What’s Mine and Yours is Hers

If he sees that you are upset about the loss to your husband’s learning, he’ll reconsider

His mission was her mission.

Rav Tzvi Kushelevsky, a towering talmid chacham, held many prestigious positions spreading Torah across Europe and Israel — each one requiring yet another move to a new place. And his loyal rebbetzin, Sarah Leah (Toki) Kushelevsky, gladly trekked to each new locale along with him. If he was where he was needed, that was her place too, and she was happy to be there.

The self-sacrifice of the Rebbetzin for her husband and his Torah was such that when her husband’s yeshivah Heichal HaTorah needed funds to complete its building, she sold the apartment they owned in Har Nof to finance it and moved into a rental apartment. For the Rebbetzin, a home for the yeshivah came before her own home.

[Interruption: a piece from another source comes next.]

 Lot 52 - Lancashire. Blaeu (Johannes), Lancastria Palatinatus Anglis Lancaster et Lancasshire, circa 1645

It’s no surprise, then, that the yeshivah became her home and its students, her children.

Strong Roots

Middos and yiras Shamayim were as much part of the Rebbetzin’s essence as her astute intelligence — all trademarks of her distinguished lineage. As her sister-in-law and cousin Rebbetzin Sarah Gurwicz puts it, “She inherited these from her parents and grandparents — they were part of her upbringing.”

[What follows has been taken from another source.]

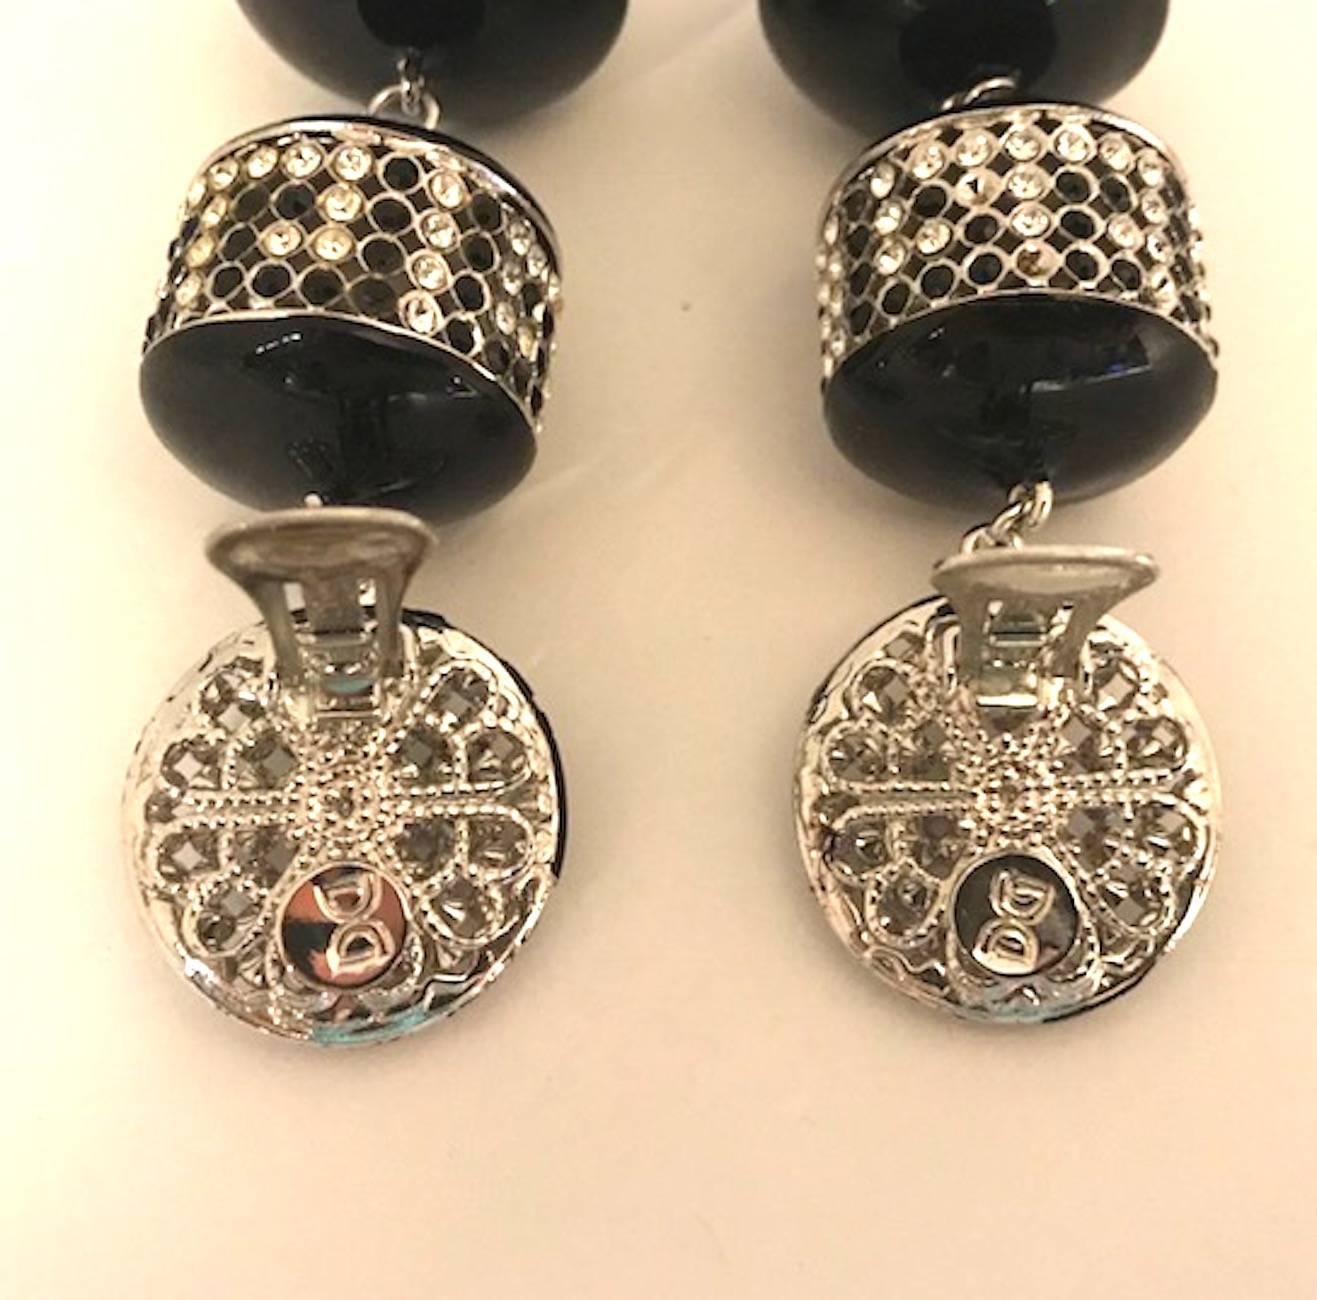 De Liguoro black & rhinestone pendant earrings from Elsa Martinelli's collection 2

When Rav Elyah Lopian’s eldest daughter, Chana Liba, came of age, he left London and went back to his Lithuanian birthplace to find her a chassan. In the Mir, he found what he was seeking — young Leib Kushelevsky (who subsequently changed his name to Gurwicz, his mother’s maiden name, to enable him to leave Lithuania without legal problems).

The famed mashgiach of Mir, Rav Yerucham Levovitz, suggested that Leib ask the Chofetz Chaim whether he should pursue a shidduch from England — a place at that time devoid of Torah — even if he had the intention of returning to live in Mir. The Chofetz Chaim’s cryptic reply was, “Baruch Podeh u’Matzil [Blessed is the One Who redeems and saves].” Young Leib asked Rav Yerucham Levovitz for an explanation, and he told the young man that the Chofetz Chaim had intended him to leave. The prophetic reply became clear when Rav Leib was saved from the inferno that soon engulfed Lithuanian Jewry.

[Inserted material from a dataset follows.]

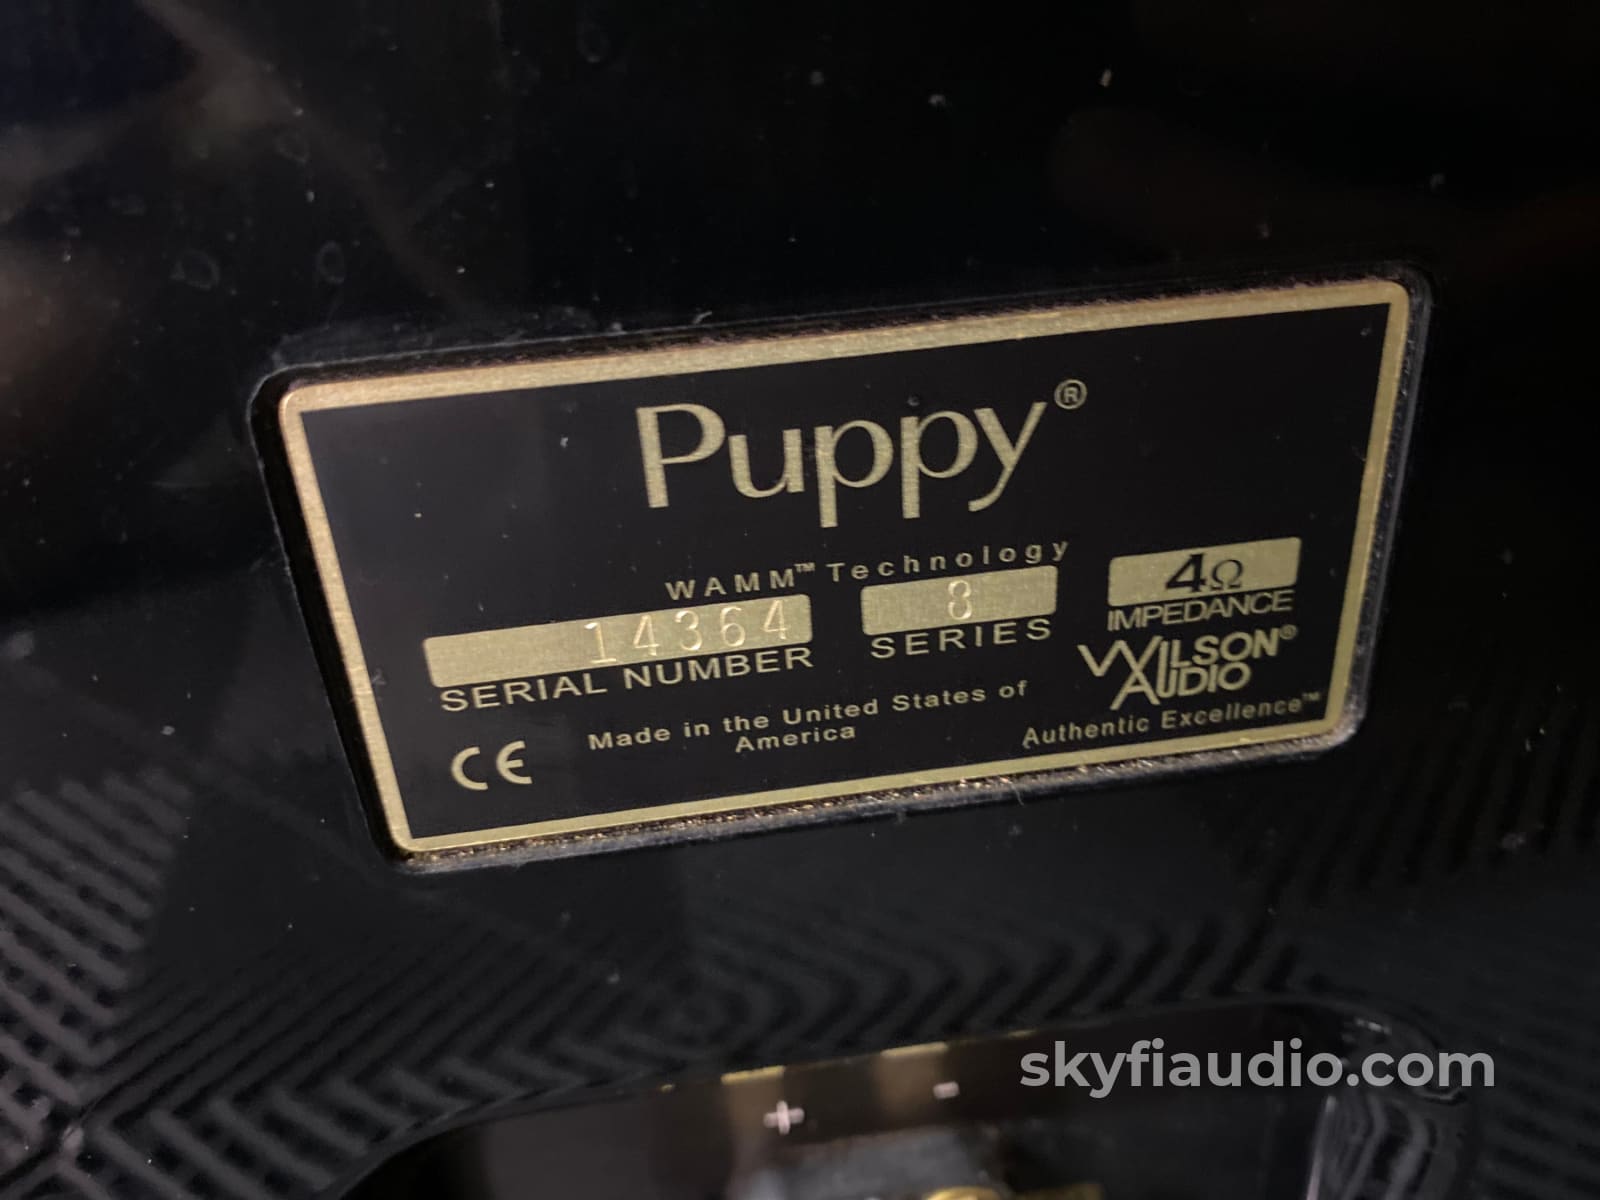 Wilson Audio Watt Puppy 8 Speakers. The Best And Last Version Speakers

With the shidduch in place, Rav Elyah returned to London. But during the engagement period, his own rebbetzin, Sarah Leah Lopian, suddenly passed away at age 49, leaving 13 orphans. Chana Liba wrote to her chassan, explaining that she was unable to go through with the plan to move to Mir — she was needed at home to raise the children. As to the shidduch, she left it to Rav Leib to decide as he wished.

Rav Leib heeded the advice of the Chofetz Chaim and joined his kallah in England. The young couple moved into Rav Elyah’s home. Chana Liba ran the house, and they raised the family of orphans together. Their own family was born into this home, with its walls soaked with Torah and mussar and nourished by their parents’ extraordinary middos and devotion to Chana Liba’s siblings.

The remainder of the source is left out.